I am working on trying to model the log of two ratios. I let $X \sim \mathcal{U}(0,1)$ and then have that $Y$ is modeled conditional on $X$ as $\log\left(\dfrac{Y}{X}\right) \sim N(\mu, \sigma^2)$. I am trying to see what the sampling distribution of $Y$ is.
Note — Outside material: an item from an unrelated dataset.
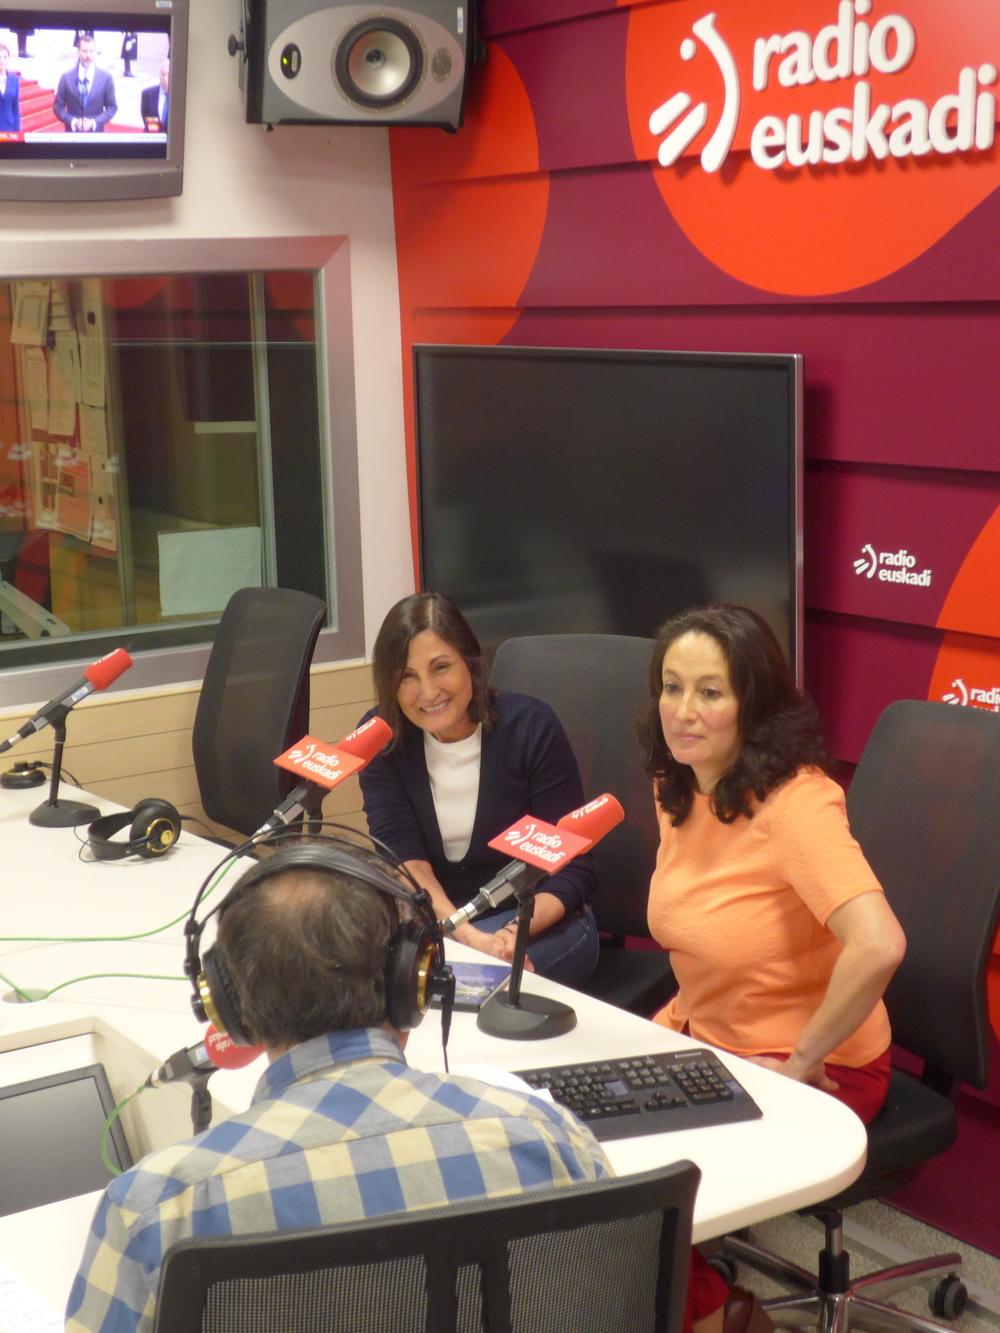 Jean-Marie Simon yAna Lucía Cuevas en Radio Euskadi.  Jean-Marie Simon and Ana Lucía Cuevas atRadio Euskadi.

It appears to be the following:
$$ \log\left(\frac{Y}{X}\right)\mid X = \log\left(Y\right)-\log\left(X\right)\mid X\sim N(\mu, \sigma^2) $$
so that:
$$ \log(Y)\mid X\sim N(\mu+\log\left(X\right), \sigma^2) $$
Is this correct?
The conditional variable $Y \mid X$ is lognormal with parameters $\mu + \log X$ and $\sigma^2$. Thus, the unconditional density is found by integrating over the support of $X$: $$f_Y(y) = \frac{1}{\sqrt{2\pi} \sigma y} \int_{x=0}^1 e^{-(\log y - \mu - \log x)^2/(2\sigma^2)} \, dx.$$ With the substitution $$u = \log x, \quad x = e^u, \quad dx = e^u \, du,$$ we have $$f_Y(y) = \frac{1}{\sqrt{2\pi} \sigma y} \int_{u=-\infty}^0 e^u e^{-(\log y - \mu - u)^2/(2\sigma^2)} \, du$$ and for notational convenience, let $\lambda = \log y - \mu$. Completing the square in the exponent, we obtain $$-u^2 + (2 \lambda + 2\sigma^2)u - \lambda^2 = -(u - (\lambda + \sigma^2))^2 + \sigma^2(2\lambda + \sigma^2).$$ Consequently $$f_Y(y) = \frac{e^{\lambda+\sigma^2/2}}{y} \int_{u=-\infty}^0 \frac{1}{\sqrt{2\pi} \sigma} e^{-(u - (\lambda+\sigma^2))^2/(2\sigma^2)} \, du.$$ Since this integral is the CDF for a normal distribution with mean $\lambda + \sigma^2$ and variance $\sigma^2$ evaluated at $0$, we can write $$f_Y(y) = \frac{e^{-\mu + \sigma^2/2 + \log y}}{y} \Phi\left(-\frac{\log y - \mu + \sigma^2}{\sigma}\right) = e^{-\mu + \sigma^2/2}\Phi\left(\frac{\mu - \log y}{\sigma} - \sigma \right)$$ where $\Phi$ is the CDF of the standard normal.